WHAT YOU NEED TO DO: Output, verbatim and without pictures, the lines from the first line of the listing through the line containing "Ergobaby 6 Position".

EXERCISE DATA:
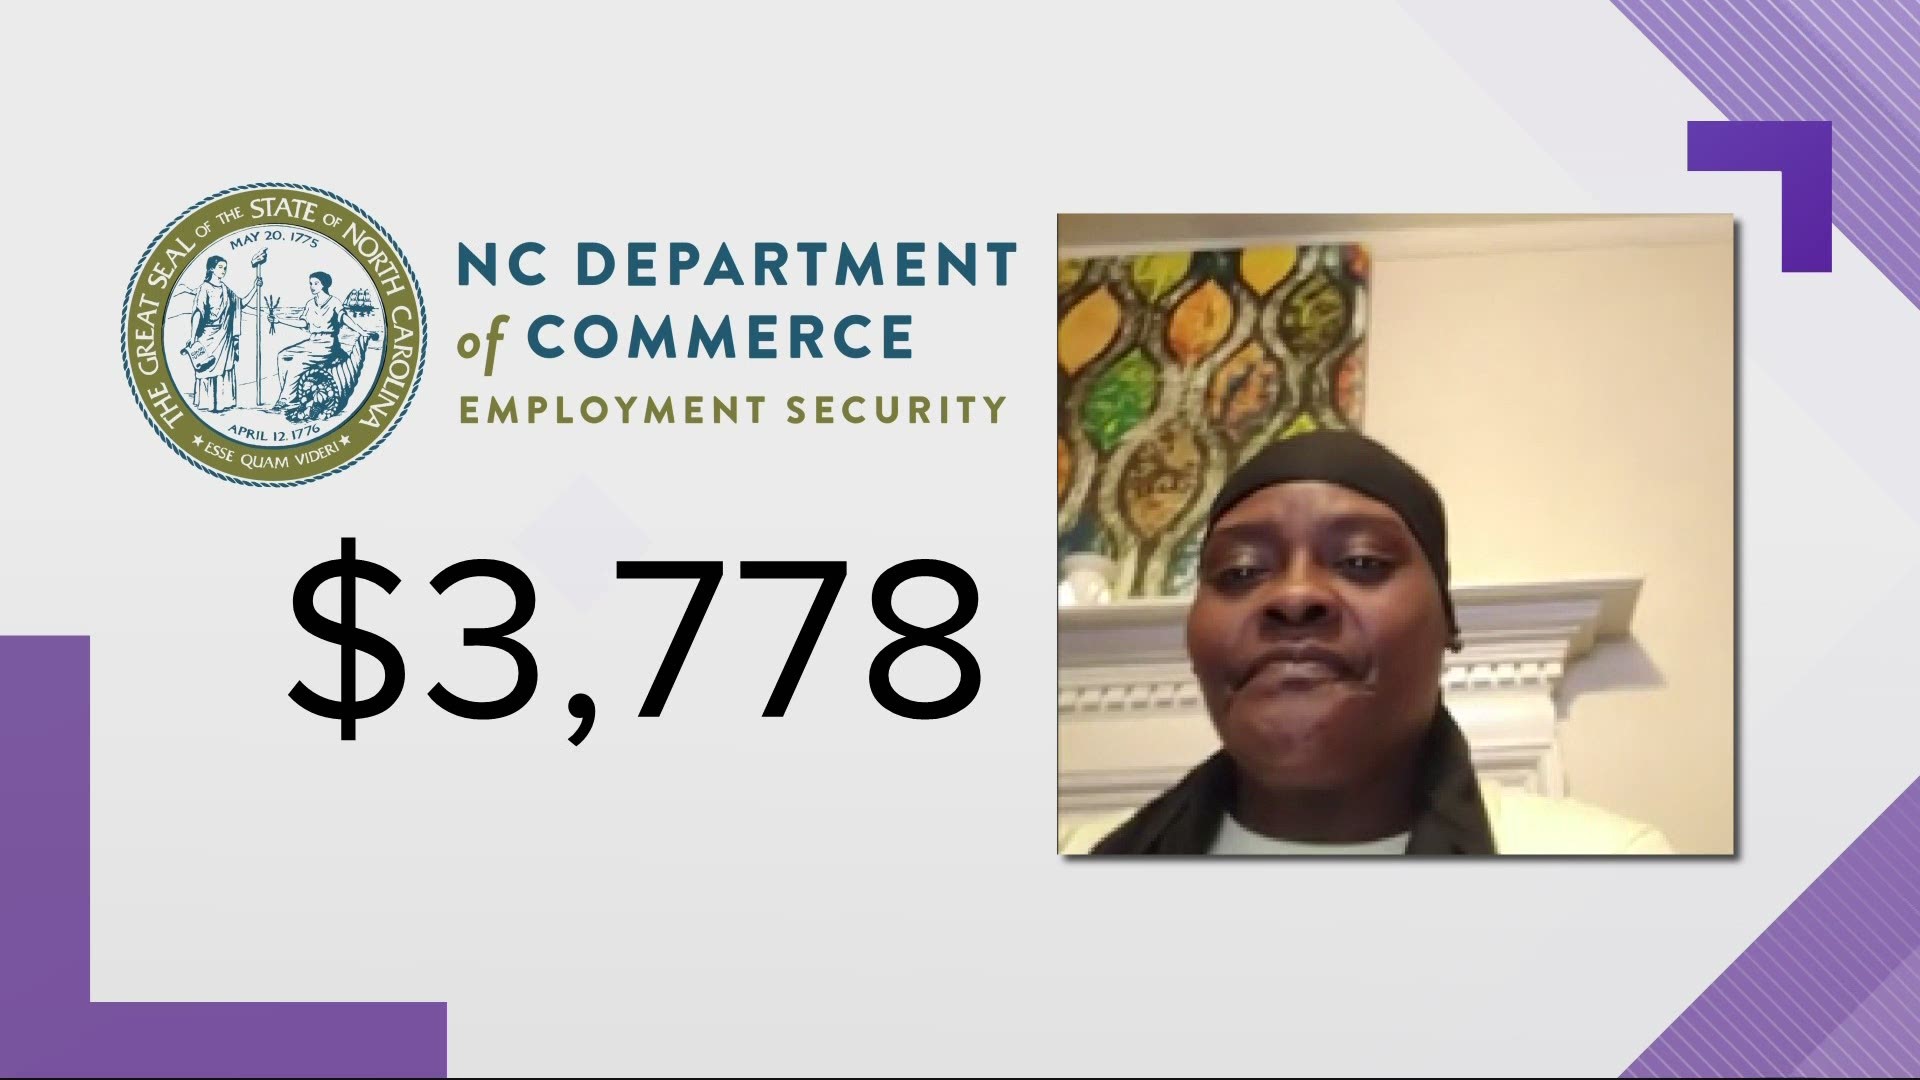 Tashka Muhammad said she was falling behind on her bills and was marked for cutoff.  Tashka emailed WCNC and the Defenders helped her get what she was owed.
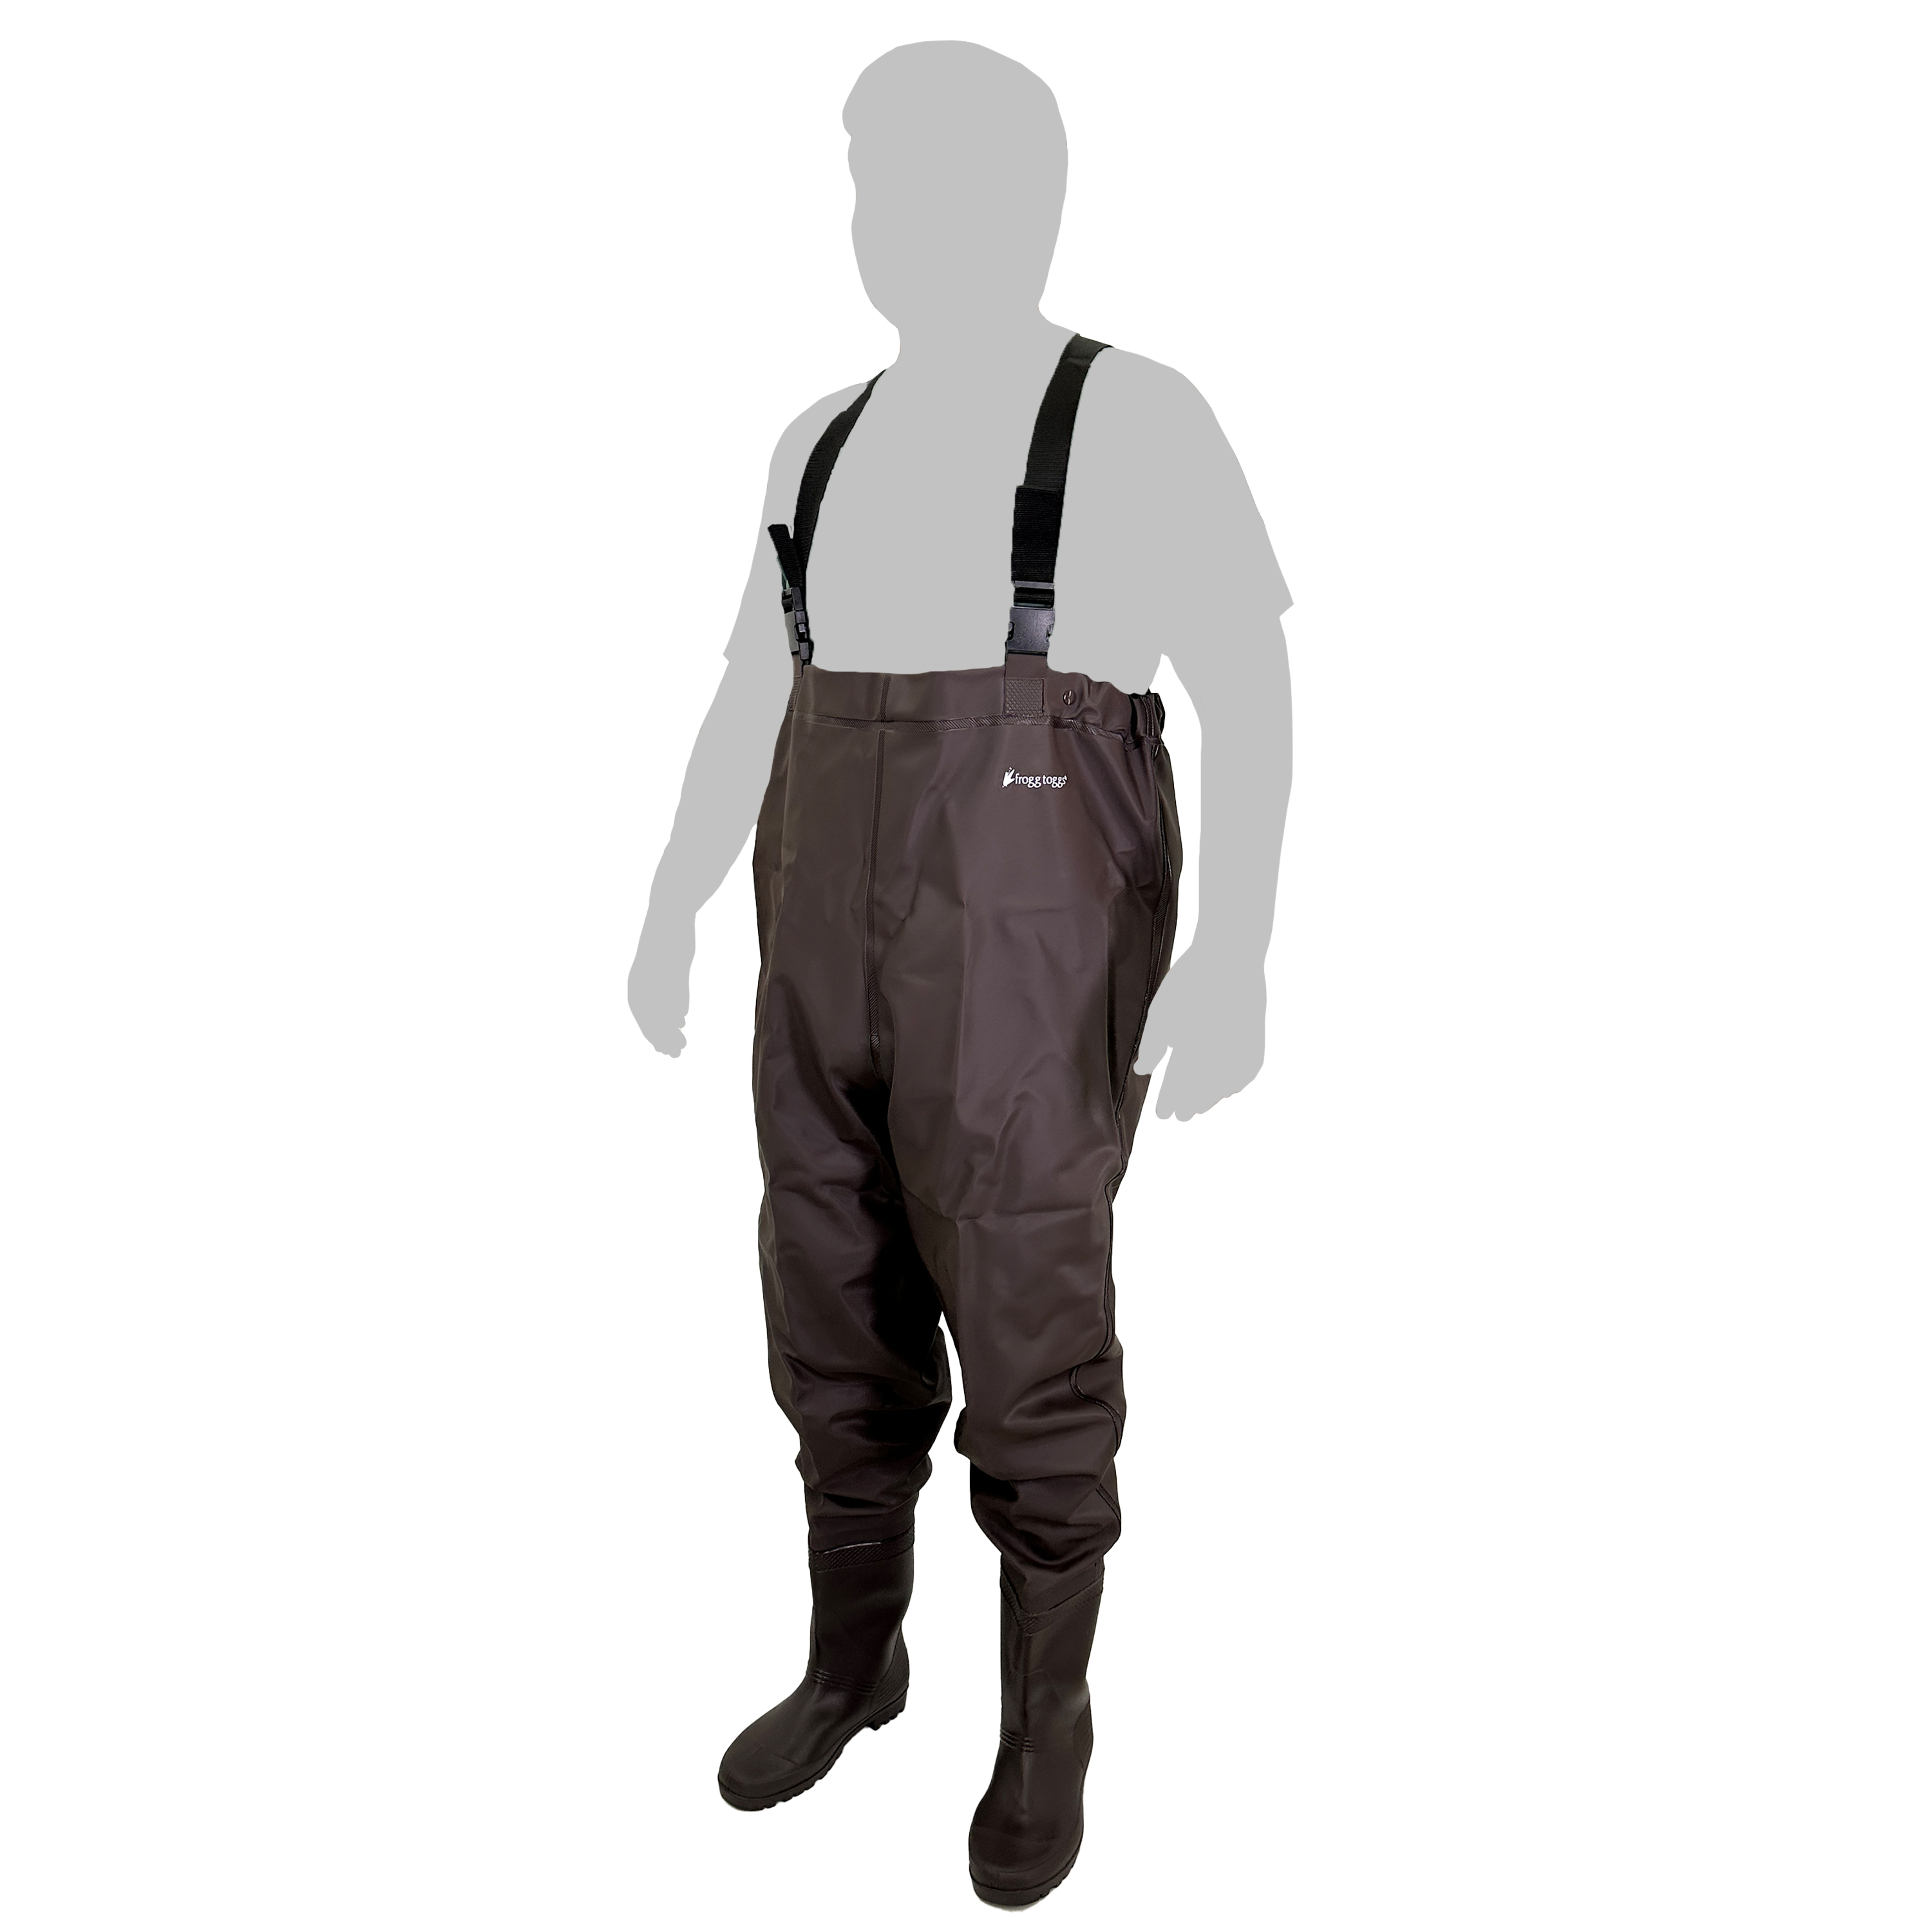 Frogg Toggs® Adjustable H-Back Suspenders
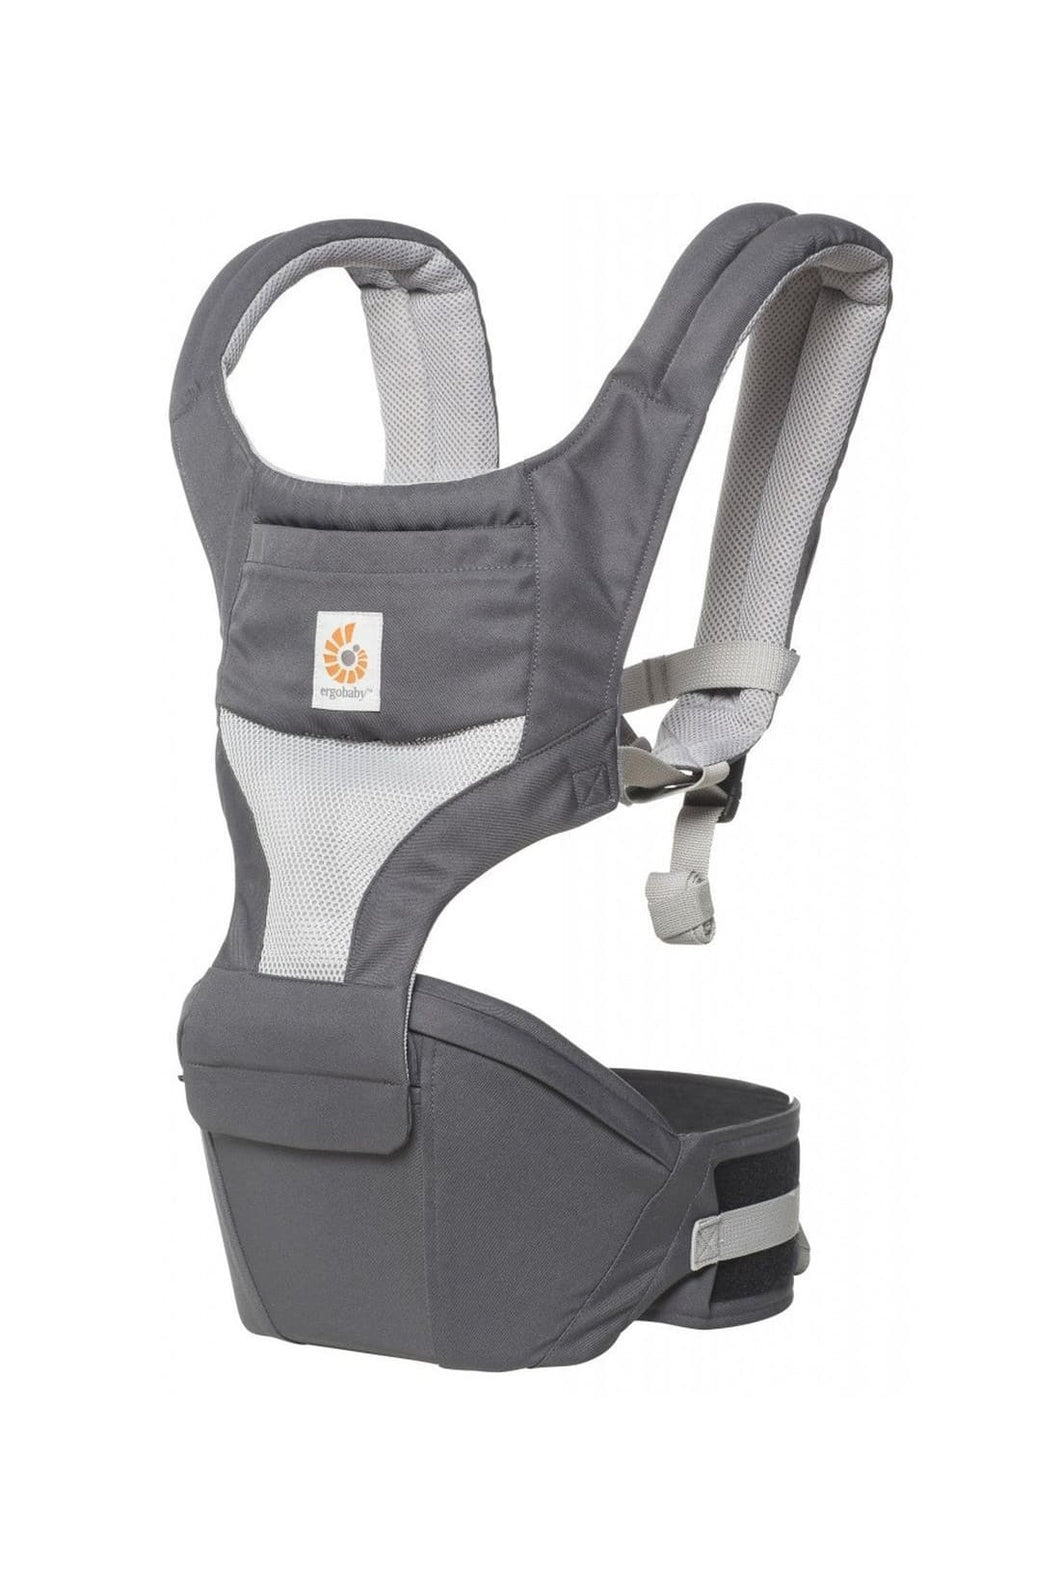 Ergobaby 6 Position Hipseat Baby Carrier Cool Grey 1
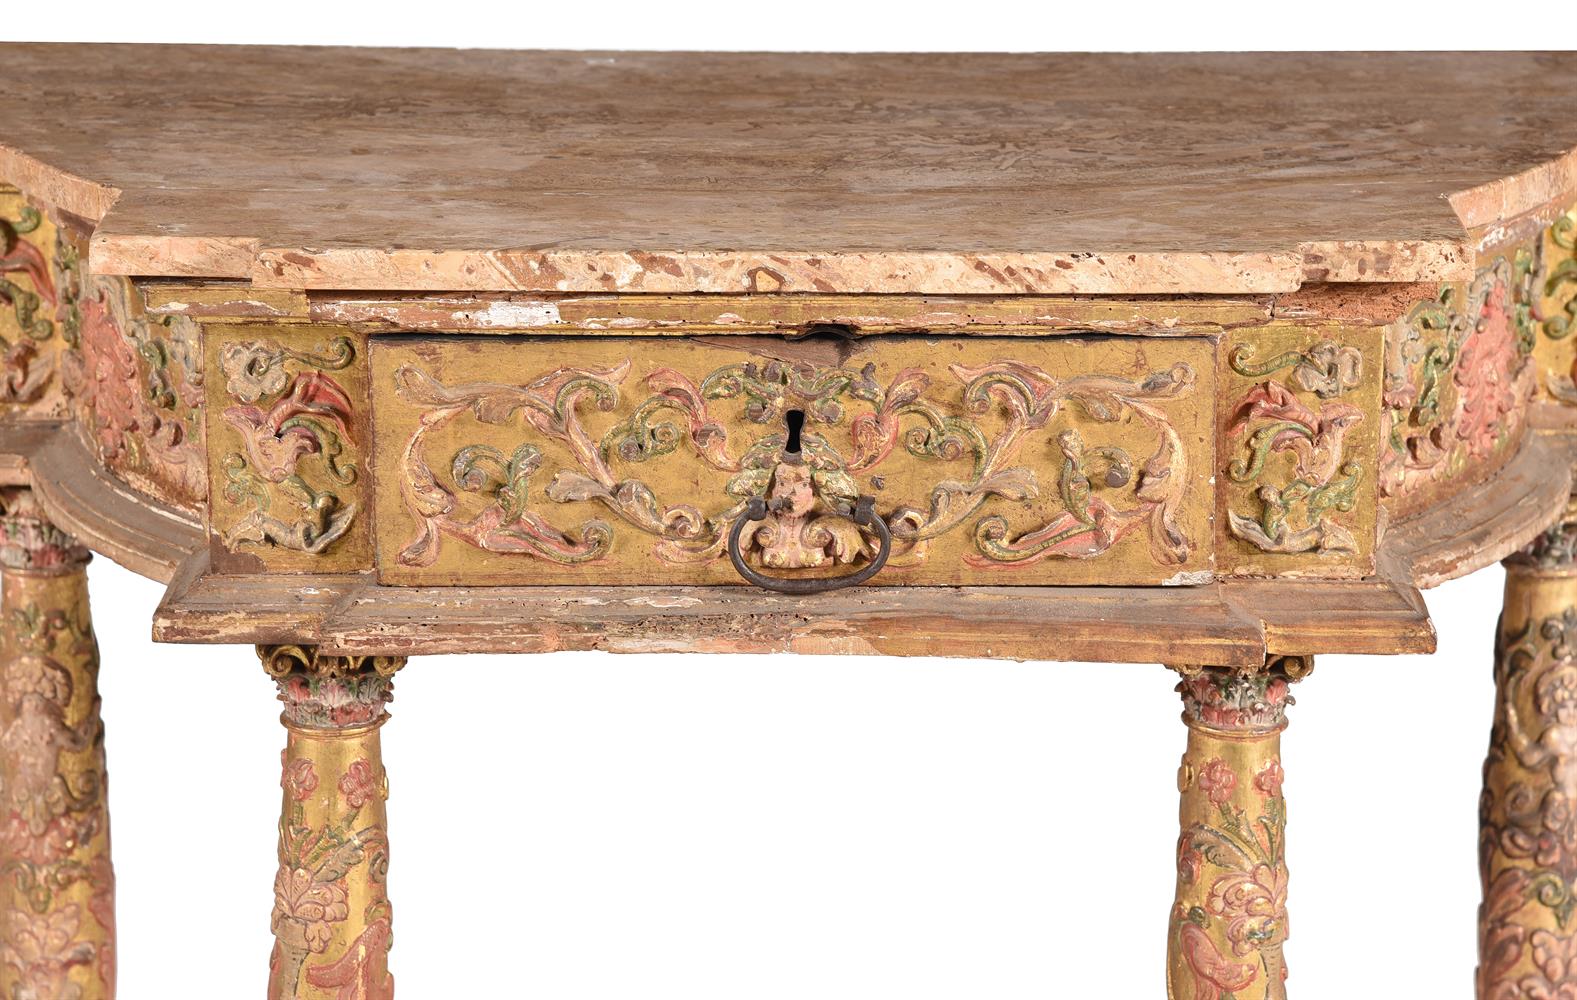 A SPANISH GILTWOOD AND POLYCHROME PAINTED SIDE OR ALTAR TABLE, LATE 17TH/EARLY 18TH CENTURY - Image 2 of 7

ANSWER SPACE:
 Tashka Muhammad said she was falling behind on her bills and was marked for cutoff.  Tashka emailed WCNC and the Defenders helped her get what she was owed.
 Frogg Toggs® Adjustable H-Back Suspenders
 Ergobaby 6 Position Hipseat Baby Carrier Cool Grey 1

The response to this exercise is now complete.